Aquellas viejas palabras

 

Me encantaban aquellas tardes de invierno con las que se compuso parte de la sinfonía de mi infancia. A las cinco de la tarde sonaba el silbato del profesor que nos indicaba que el día, en lo relativo a la docencia, se daba por extinguido. Cargados con mochilas menos voluminosas que las que actualmente machacan sin piedad las espaldas impúberes, pero mucho más prácticas, llegábamos al calor del brasero del hogar y, con el bocadillo de nocilla en la mano, poco tardábamos en bajar a la calle con el firme propósito de despellejar la puntera oscura de nuestros zapatos por darle a base bien al balón de goma o de reglamento, si los Reyes Magos habían sido propicios.

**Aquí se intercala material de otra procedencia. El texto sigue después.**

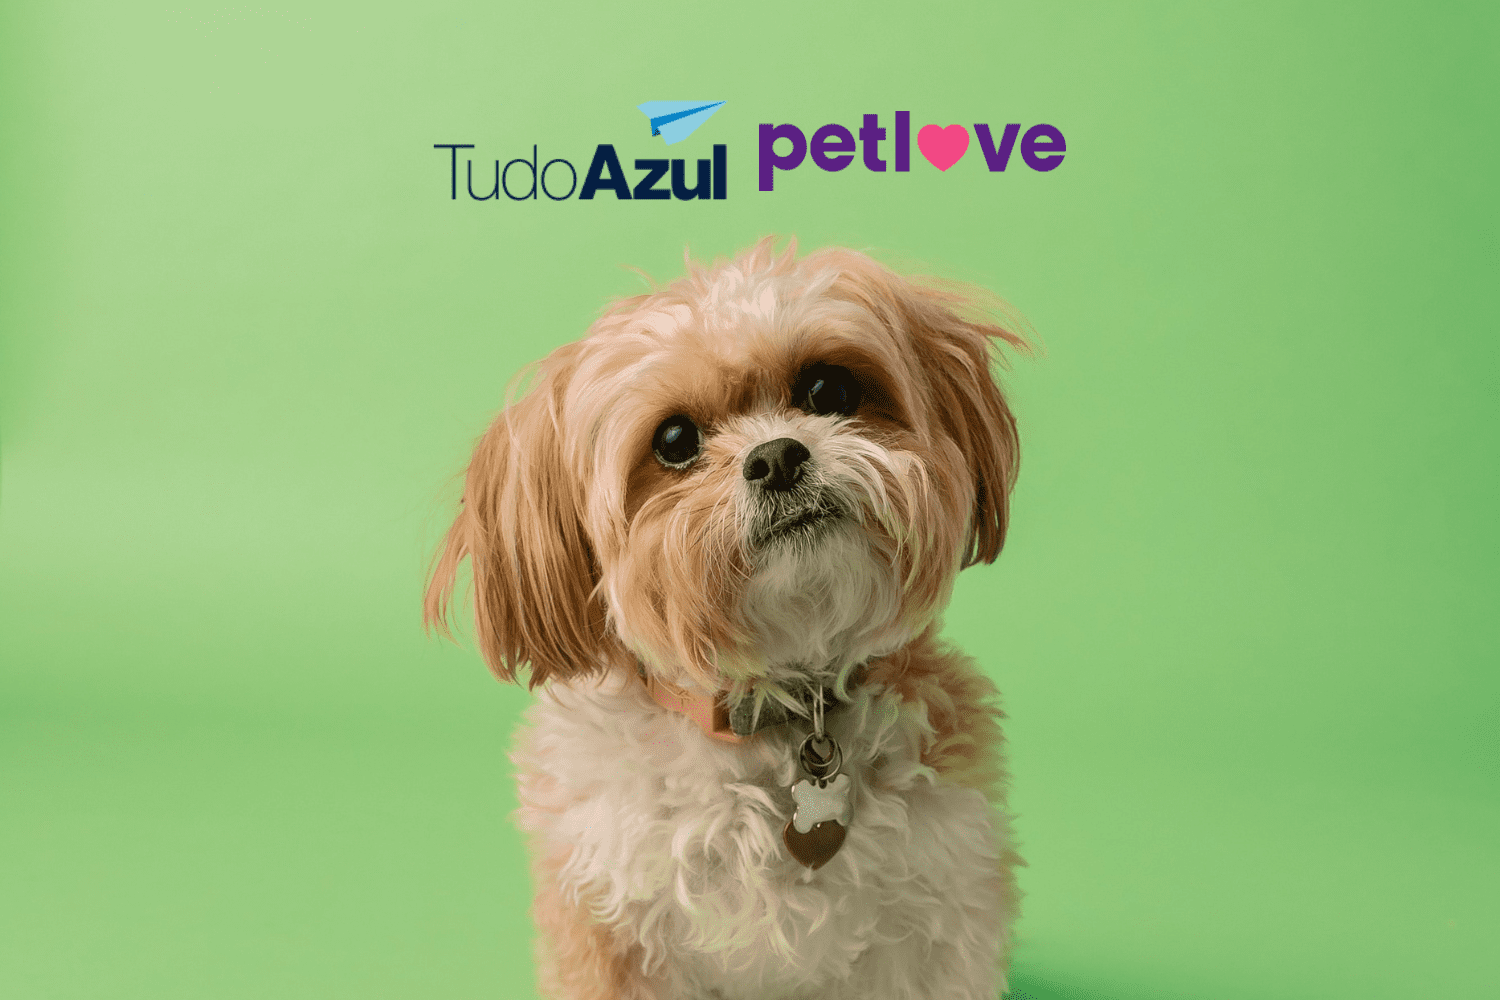 cachorro fofo com logo TudoAzul e Petlove 12 pontos TudoAzul
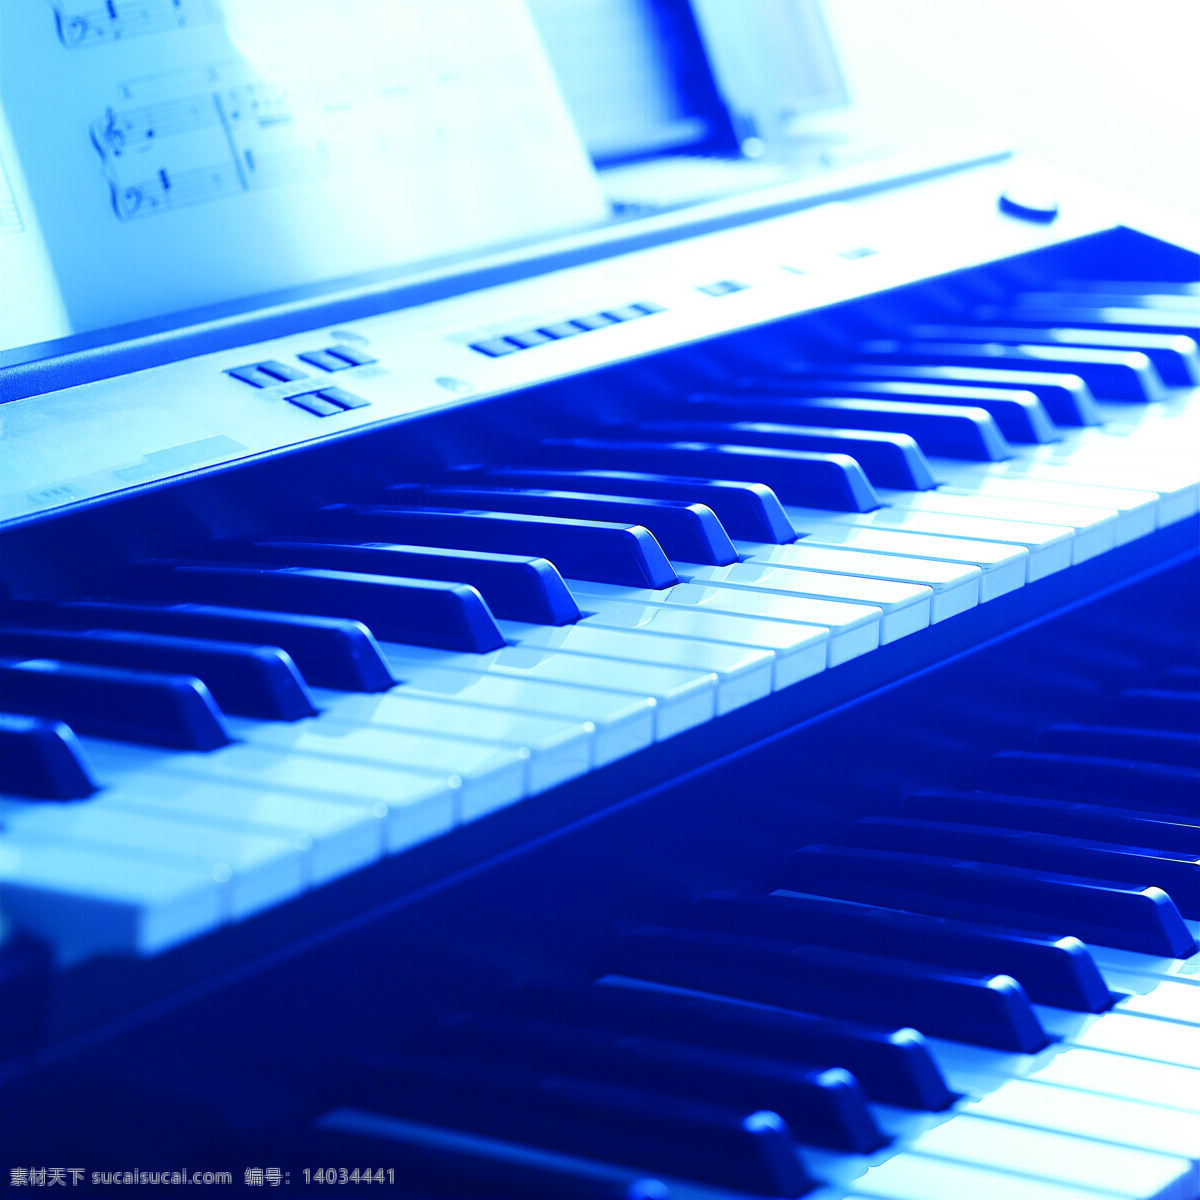 电子 钢琴 乐谱 音乐艺术 音乐 电子琴 琴键 特写 摄影图片 高清图片 影音娱乐 生活百科

               Tras el partido, que siempre se daba por finalizado después de que el dueño de la pelota exclamara: «¡el que meta gana!», cuando no importaba una mierda si se iba perdiendo diez a cero o dos a uno; después de la batalla campal librada en buena lid con palos, piedras o efectivos mojicones o al finalizar la prosaica corrida de toros con cuernos de «verdad» y capotes confeccionados con los retales más baratos, nos tocaba, esta vez sí, lidiar con los deberes de mates, de legua o de reli, porque sí, todos dábamos religión verdadera en la escuela. Normalmente, a uno le tocaba pugnar con las fracciones, con los complementos indirectos o con la caída del caballo de Saulo tras la puerta de su dormitorio, en un escritorio adecentado al efecto y con el material escolar que se compraba en septiembre y que tenía que durar hasta mediados de junio y, por supuesto, en la soledad desmedida del interior de las cuatro paredes. Pero, a veces, cuando a uno se le atravesaba en el gaznate algún ejercicio (a mí solía sucederme con las matemáticas y con la física y química mucho más tarde), se tenía que tirar de la sabiduría o sapiencia de alguno de nuestros progenitores.

               Y, a estas alturas, era cuando se obraba el milagro (de los jueves) en mi casa. Cuando mi padre colaboraba o daba las instrucciones precisas para la realización de un trabajo de aquellos que se plasmaban en una cartulina con ínfulas de sábana de lecho conyugal...y justo en ese momento mágico, era cuando soltaba aquella maravillosa expresión de «a renglón seguido». Aquello se convertía en el éxtasis de la Santa de Ávila, en la sanación de los leprosos o en la vuelta a casa por Navidad del hijo pródigo: Un milagro reconocido por la Santa Sede. Me encantaba oír brotar de los labios de mi procreador aquellas tres palabras que me aportaban una serenidad, una tranquilidad y una paz espiritual que eran capaces de apartar muy lejos de mí la congoja de no realizar bien el trabajo, de hacer el ridículo más espantoso ante mis cuarenta compañeros de clase o, lo peor de todo, suspender la asignatura. Esto último, para un niño de mis características, se acercaba peligrosamente a los tintes endrinos de la tragedia.


               Aquel «a renglón seguido» que tanto me aportó en la infancia, no lo volví a escuchar con la devoción requerida con la que la decía mi señor padre. Pero hoy, lo he podido disfrutar en boca de un compañero que se encuentra a diez centímetros de una merecida jubilación, quien, además de ser un enamorado de ese lenguaje cabal que ya está esperando la extremaunción, lo ha pronunciado en firme contraposición a las muletillas posmodernas del tipo «en plan de…», que avizoran una falta importante de recursos del lenguaje en quien de este modo habla. Y esas palabras han hecho aflorar en los intersticios más recónditos del cerebro el lujoso recuerdo que esto me ha llevado a escribir en reconocimiento a la inestimable labor de mi padre, quien siempre se esforzó sobremanera en que le superáramos en conocimiento, en gobierno y, por supuesto, en sabiduría.

        Y así fue como a renglón seguido de mi padre he logrado caminar apoyado en las guías firmes, serenas y bien asentadas que junto al camino estableció en un acto irrepetible, en un acto desbordante, en un acto del que no puedo estar otra cosa que agradecido.

               Muchísimas gracias, Papá.